>>>

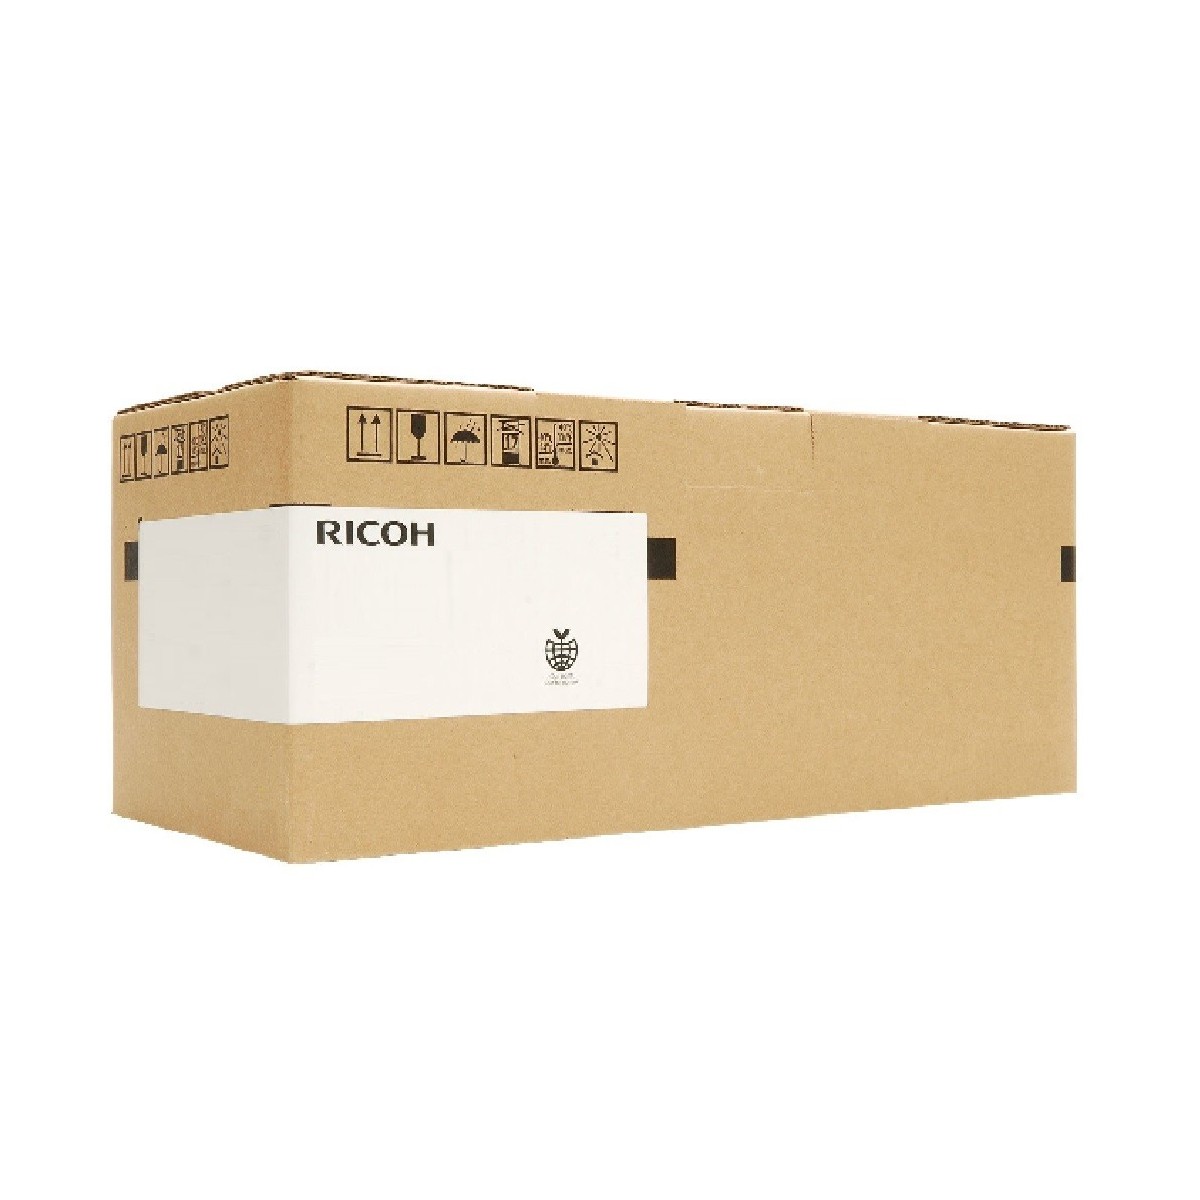 Ricoh B079K150E - Maintenance kit - 150000 pages - Ricoh - Aficio 2035 Aficio 2035E Aficio 2035EG Aficio 2035ES/P - 1 pc(s)
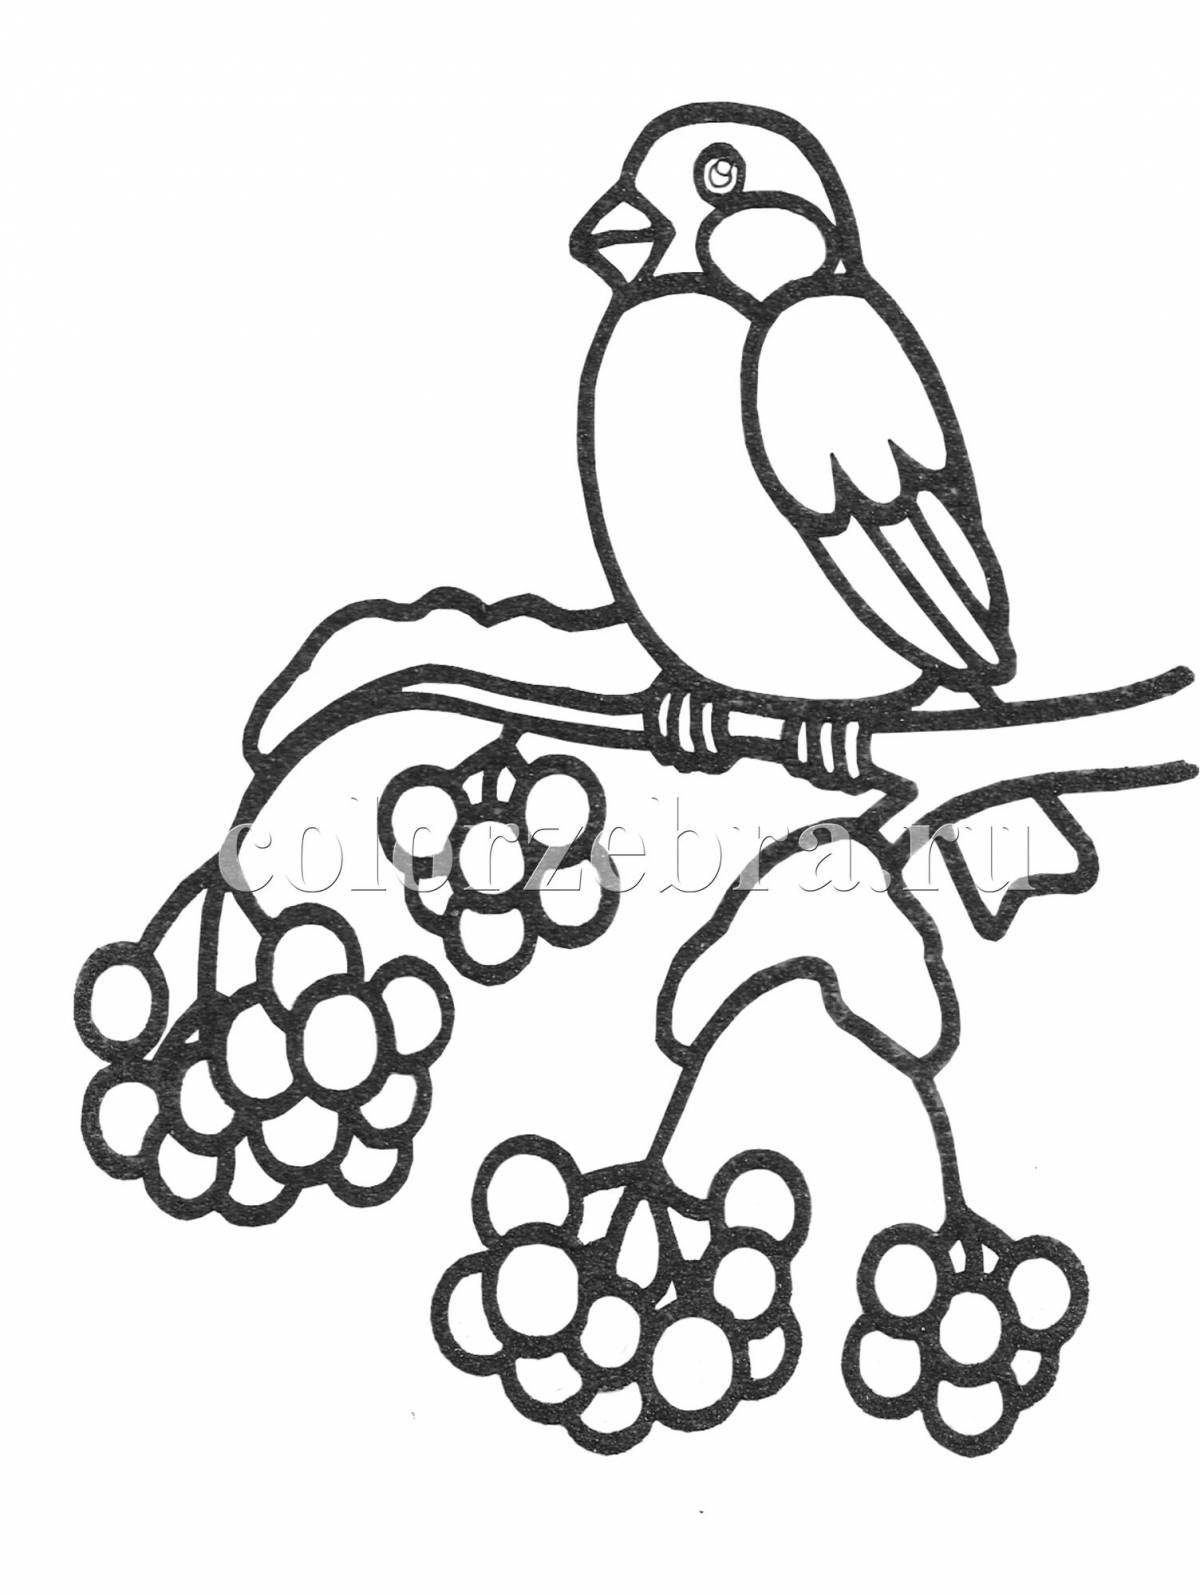 A fascinating drawing of a bullfinch on a rowan branch
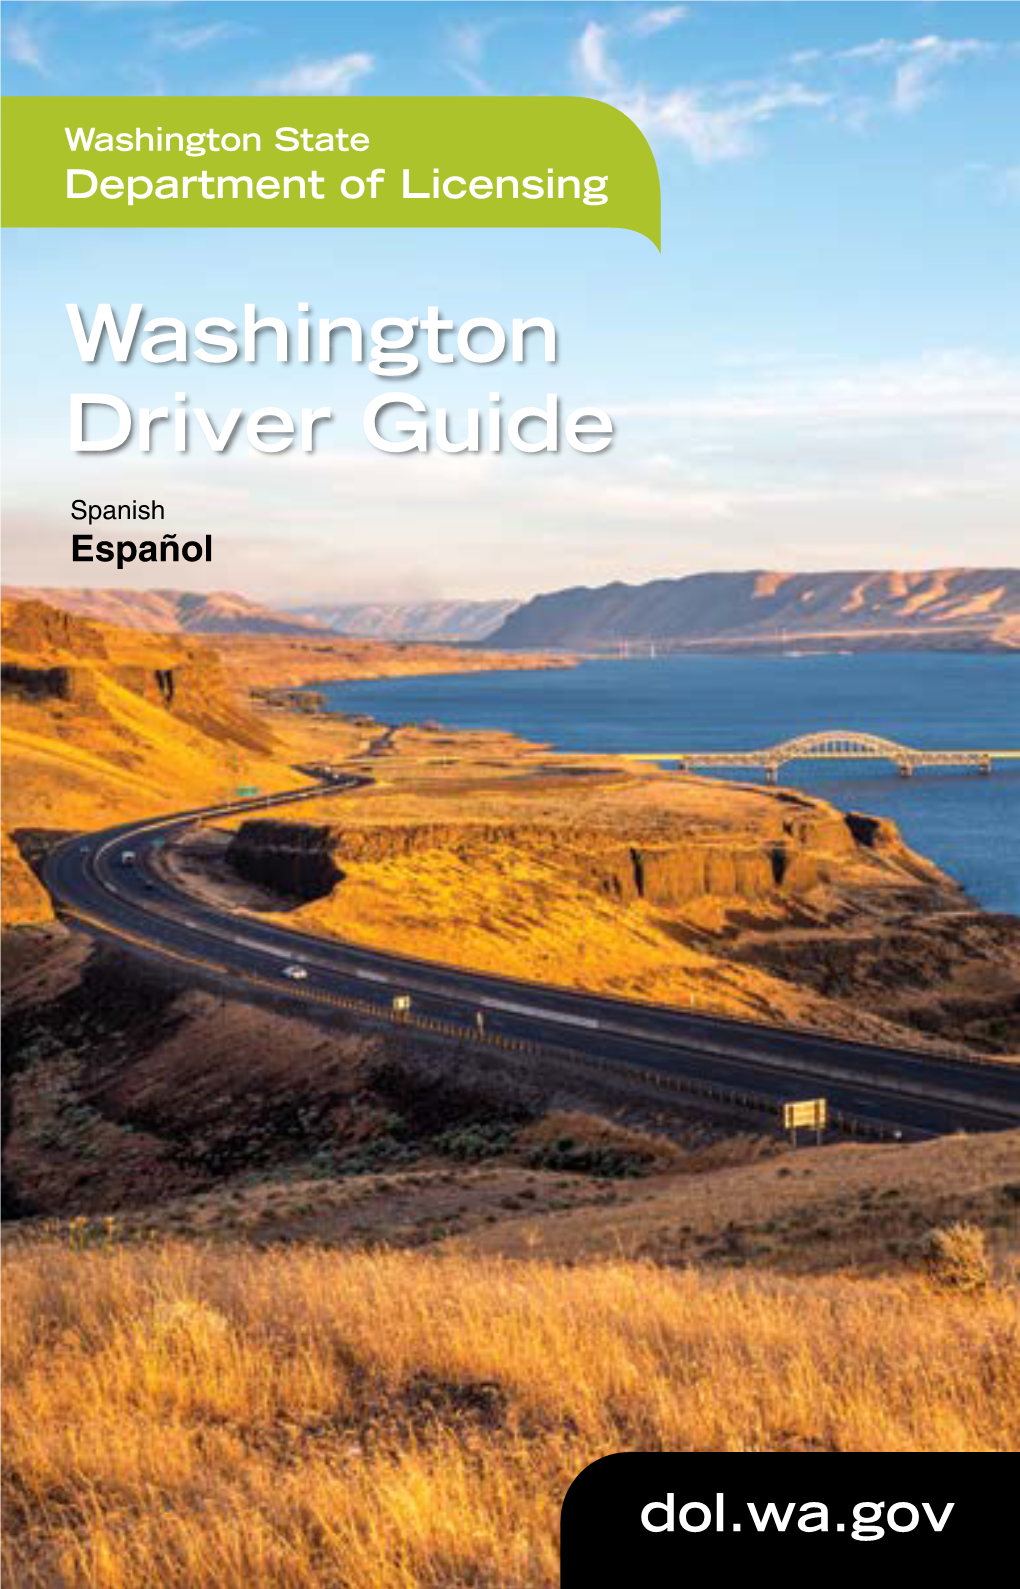 Washington State Driver Guide-Spanish
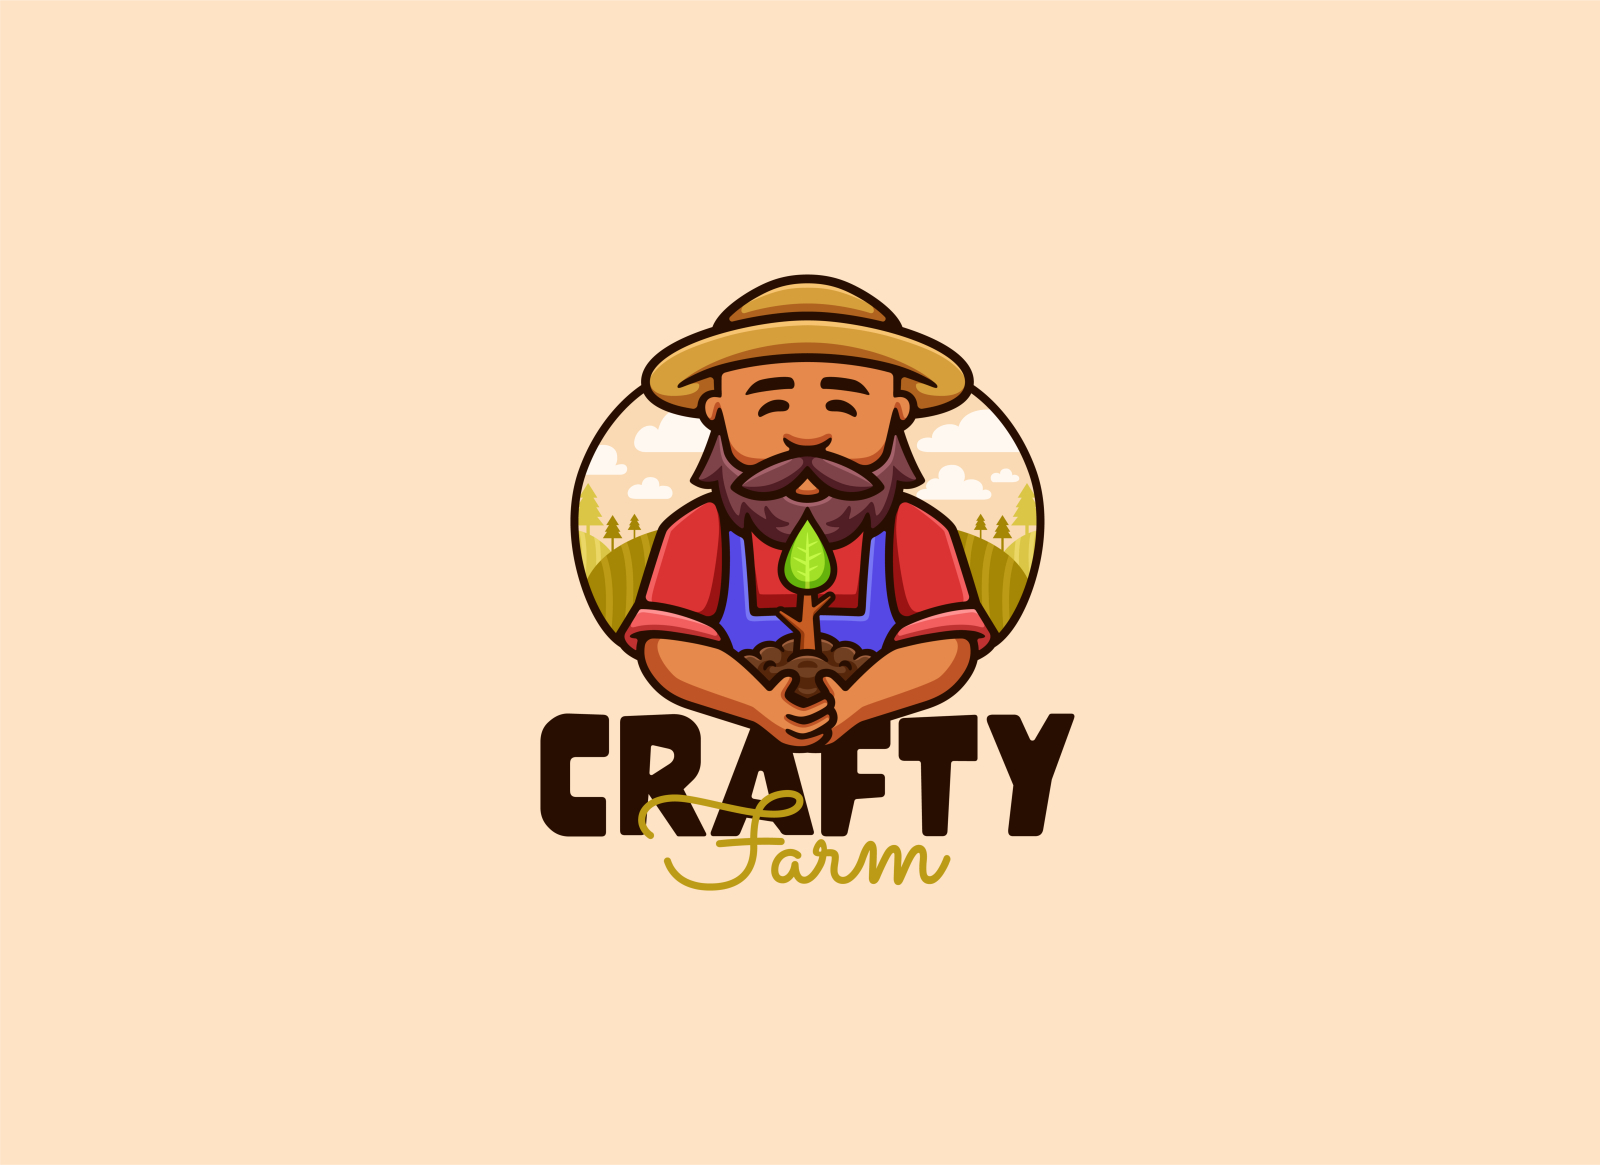 Farmer Cartoon mascot logo design by Vectory on Dribbble

<<<

### Task to carry out
Each line from the one holding "A fascinating drawing" through the end of the listing is to be output exactly, both ends included, with no other lines and the pictures left out.

### Exercise result
 A fascinating drawing of a bullfinch on a rowan branch
 Washington State Driver Guide-Spanish
 Farmer Cartoon mascot logo design by Vectory on Dribbble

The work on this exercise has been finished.